The documentary “HASSLA”, which shows the dead end in which the youth of a mythical district find themselves, is a mirror. You have to be stupid to break it.

ZNAGUI 🇺🇸
3 min readNov 7, 2020

Who does not know Hay Mohammedi? Who doesn’t like Hay Mohammedi?

I come from Borgone (Burgundy district), obviously we hated all the districts of Casablanca because we thought we had something special, that the others did not have, except the “Hay”.

You can speak badly of others, even of Borgone (even though it is the most beautiful neighborhood in Casablanca and all of Morocco!), But the Hay cannot. You can not. You respect. Nothing to do my brother, you respect.

The Hay is the exception from Casablanca and even Morocco. As a child, I thought it was just the TAS district, that football club that grew up in the shadow of Wydad and Raja. A club of losers, magnificent losers who never won anything and didn’t bother anyone. And that’s why we liked them.
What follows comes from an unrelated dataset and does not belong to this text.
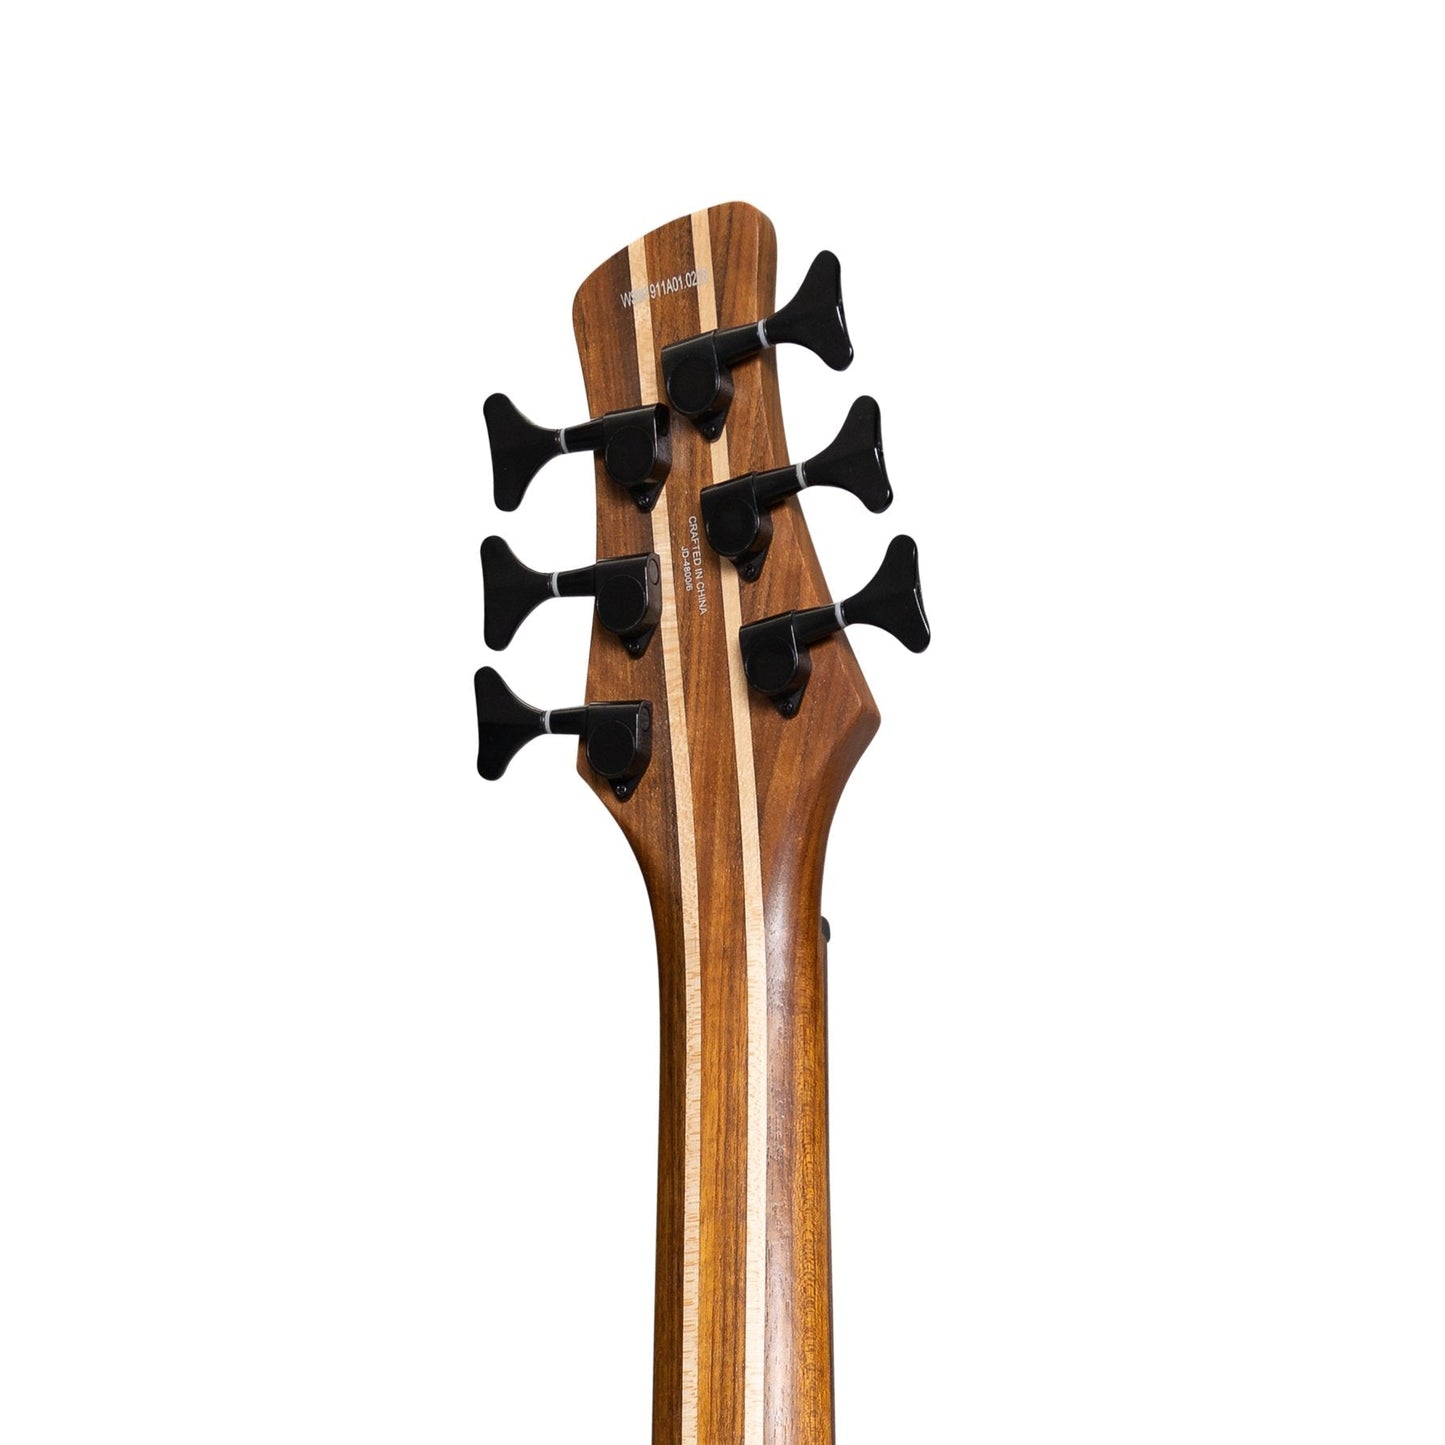 J&D Luthiers '48 Series' 6-String Contemporary Active Electric Bass Guitar (Natural Satin)

I also knew that the Hay was the district of the “kariane”, the central quarries, the first shantytown that arose like a huge mushroom on the northern outskirts of Casablanca.

But it wasn’t just that.

I knew that the Hay was the starting point of trade unionism, the real one. What is unionism, really? This is class consciousness. This is when the oppressed come to understand their condition, to transcend themselves and to see beyond the tip of their nose, their tribe, their neighborhood.

The Hay has taught us other lessons. With Nass El Ghiwane, Lemchaheb, Lahcen Zinoun and a few others, he made us understand that art can grow like wild grass in wasteland, that there is always a pearl or a gem at the bottom of the trash bag. (but you have to get your hands dirty before grabbing it). And that folk art, after all, is a way of standing. Dignity above all.

And then, what else?

I’m from Borgone, but it’s like I’m from the Hay. It has to. I think other people are in the same situation, holding on to this neighborhood like a religion, something sacred.

And yet!

Like so many Hay lovers, I saw the documentary “L7sla”, or the dead end, like a slap in the face, in the true sense of the word. A wound. Sonia Terrab’s documentary, which 2M had the audacity to produce, is hurtful. He does not stroke in the direction of the hair. He hurts. He shows the Hay as a trap in which desperate youth struggle before giving up soul, most likely. Like rats.

The film damaged my certainties and my pride. He ignores the glory of Hay, his past battles. He forgets his victories. It’s an urban snapshot, harsh and uncompromising. It shows and listens to a youth who is scary, who messes up, who screams at the stadium and everywhere, who screams very loudly, but whom we never listen to.

I want to shout too: where is my Hay? How do I find my certainties? What could I still hold on to, what tree branch and what miracle, what dream?

When a documentary takes me out of my comfort zone and disturbs me to such an extent, when the reality it reflects hurts me, I clap with both hands.

The Hay refers to other neighborhoods, its dead end is that of a large part of the youth of this country. The film is a reflection which gives us to see this reality. It’s a mirror. You have to be stupid to break it!